The jail scenes are very atmospheric and menacing, and I was highly impressed by the production design, camerawork, and Kone's performance as the reluctant raconteur. We normally think of the dominant mood in prisons as being one of fatalism and apathy, but here it is one of suppressed energy and lust for life, and we get a striking contrast between the boisterous effervescence of the other inmates and the Roman’s apparent naivety and vulnerability. The writer and director deliberately take a non-realistic approach, steering clear of prison drama clichés, and adding some slightly kooky touches, such as an unexplained white man in the otherwise all-black jail who goes around with a pet hen on his shoulder.
One arguable shortcoming is that the narrative is too fragmented, with excessive cutting between present and past. Whilst this does serve to dissipate tension somewhat, I feel it is artistically justified. For these men, *everything* is fragmented, incomplete and makeshift. The chopping-up of the narrative reflects the way their own lives have been chopped up by poverty, violence and incarceration - or at least that’s my take on it. Another possible criticism is that the concurrent plot thread, that of Blackbeard’s associates and rivals jostling to become the new prison godfather, isn’t very dramatic, since Blackbeard is dying anyway and there’s no obvious reason why we should care who becomes the new boss. Again, this may be an allegory for Ivorian politics, in which I’m not well versed.

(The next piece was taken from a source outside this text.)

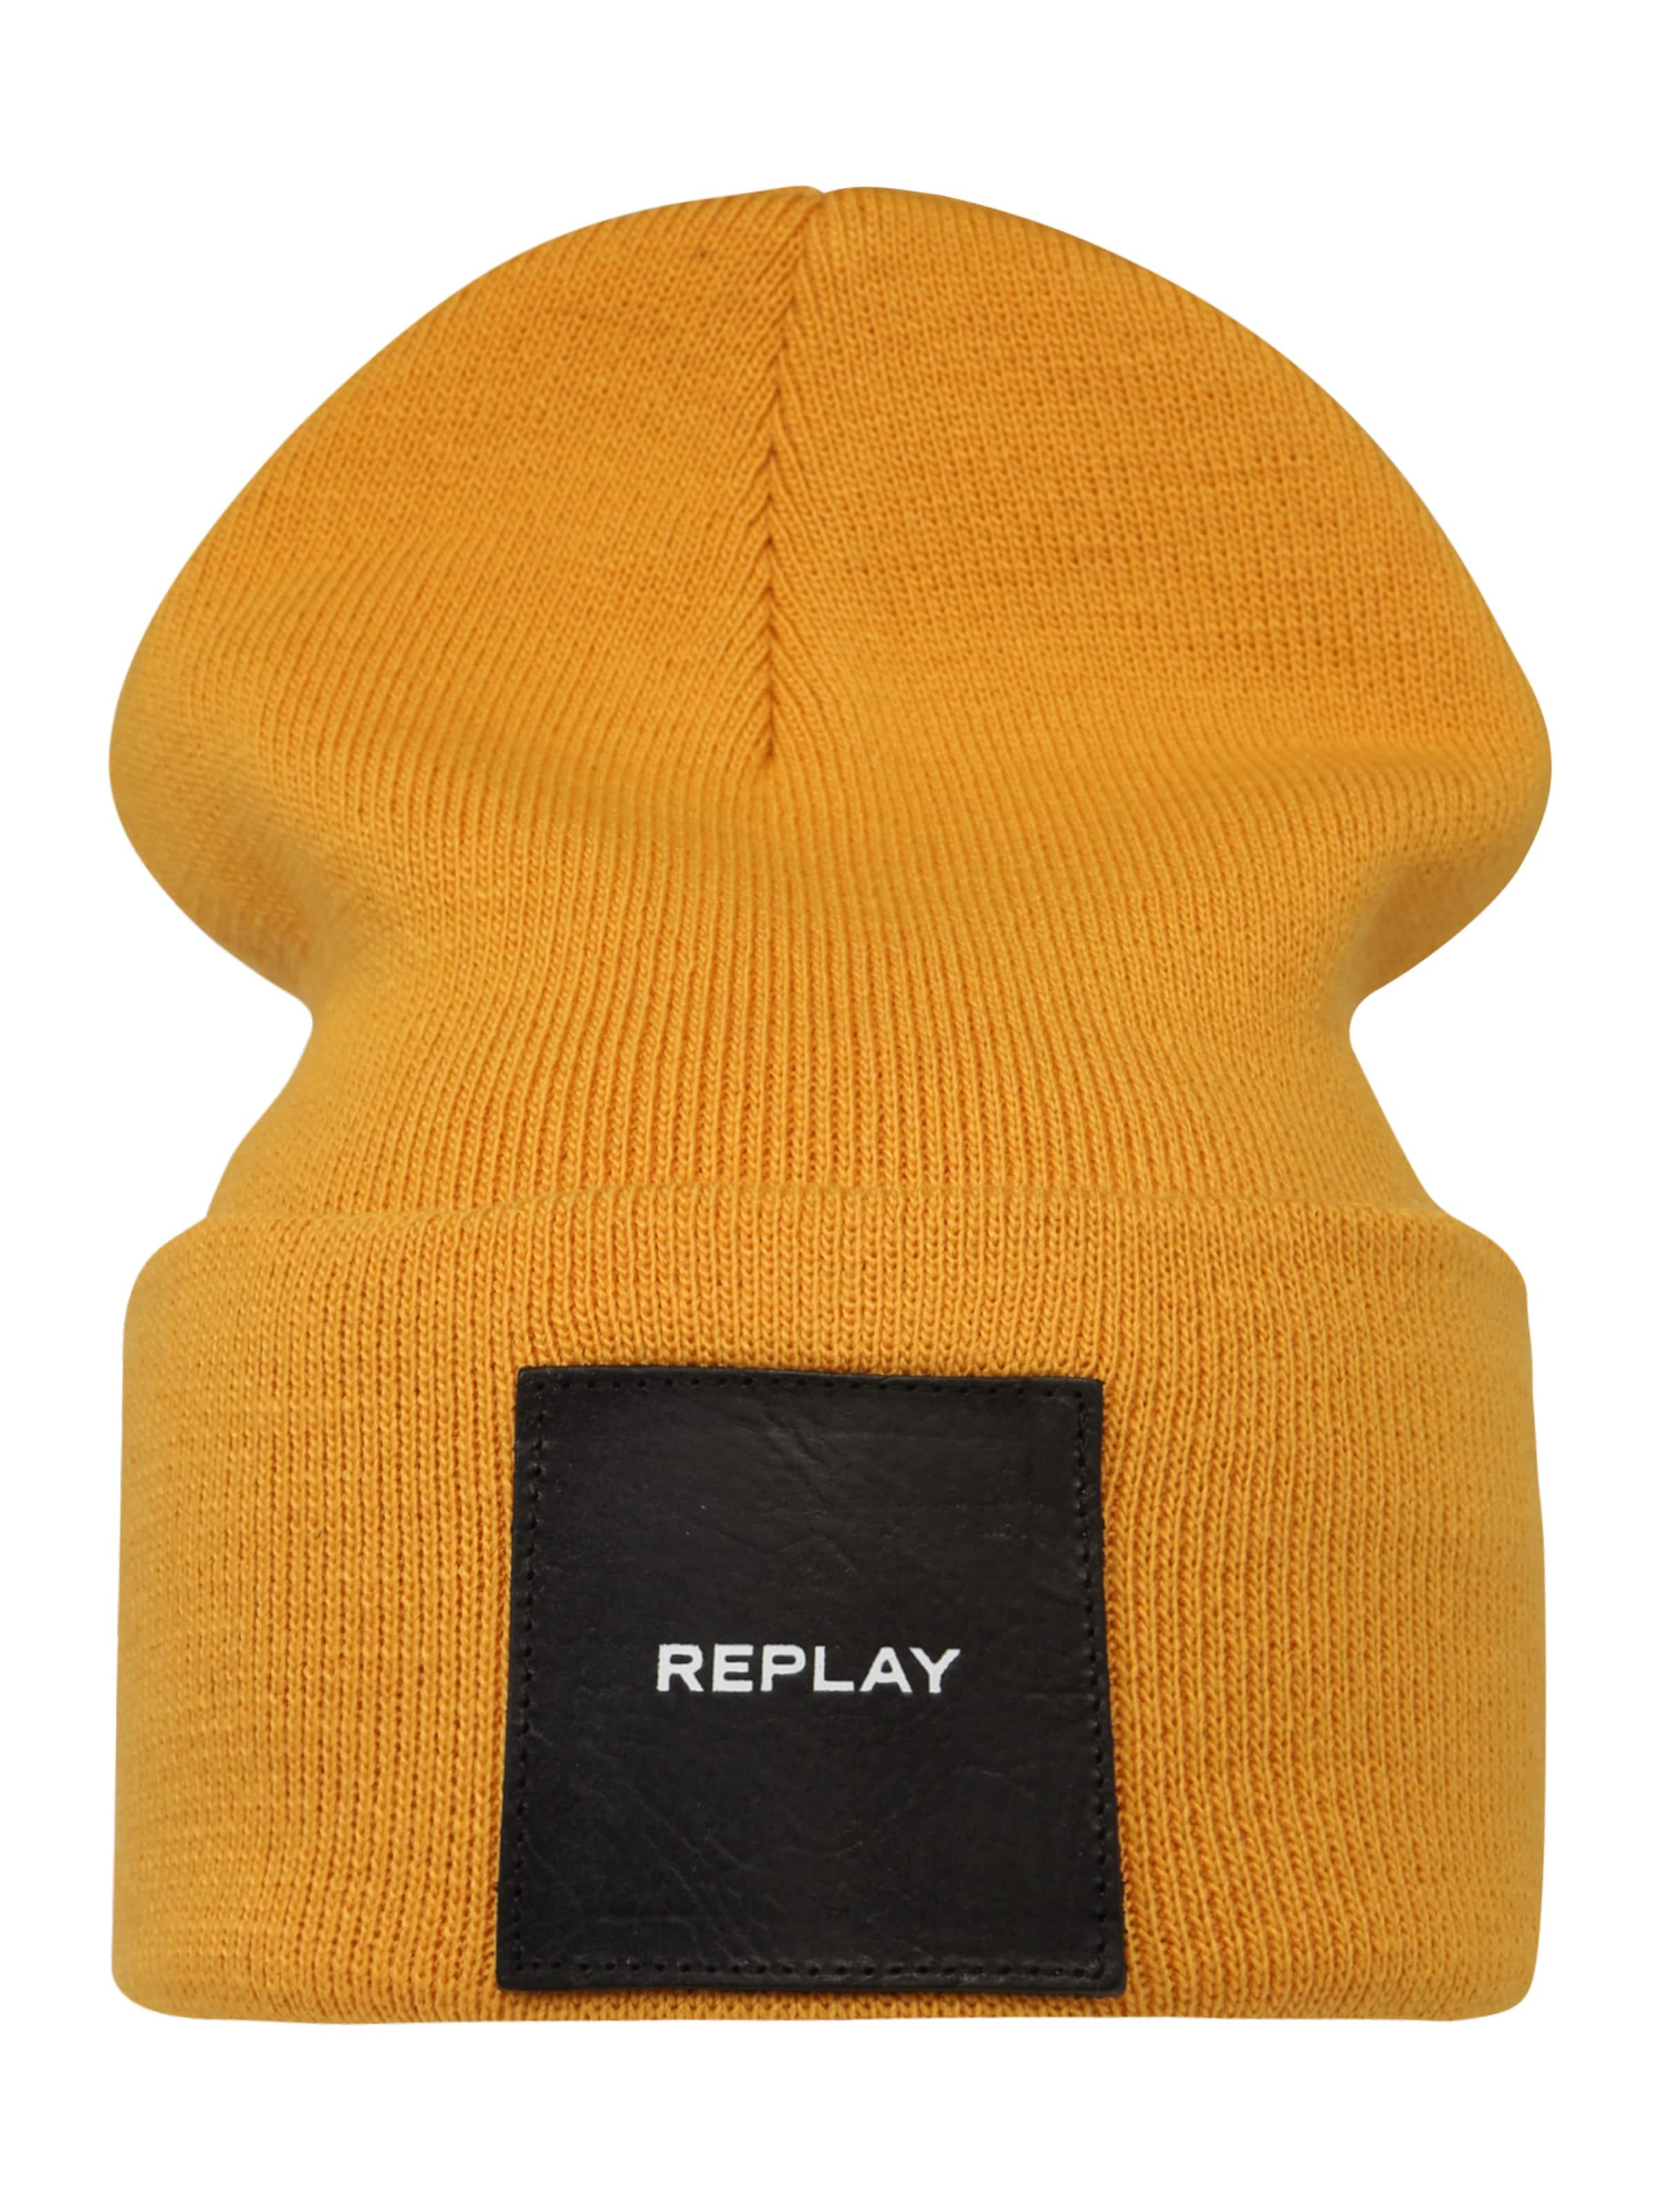 Mütze Replay Replay Gelb Replay Mütze Mütze In Replay Gelb In Gelb In sxrtQChd

But this is still one of the most ambitious and original films a year, although what you take from it is up to you. For me, it's a celebration of creativity and art as something that naturally belong to the working class not the elites, an exploration of how we use myths and stories to compensate for our lack of power in the real world. It could even be viewed as an interrogation of our own relationship with truth. It is easy to sneer at someone for trying to reinvent a two-bit street hoodlum as a legendary warrior - or "king" - but if we’re honest, we ourselves don’t always want the unvarnished actualité as much as we think we do.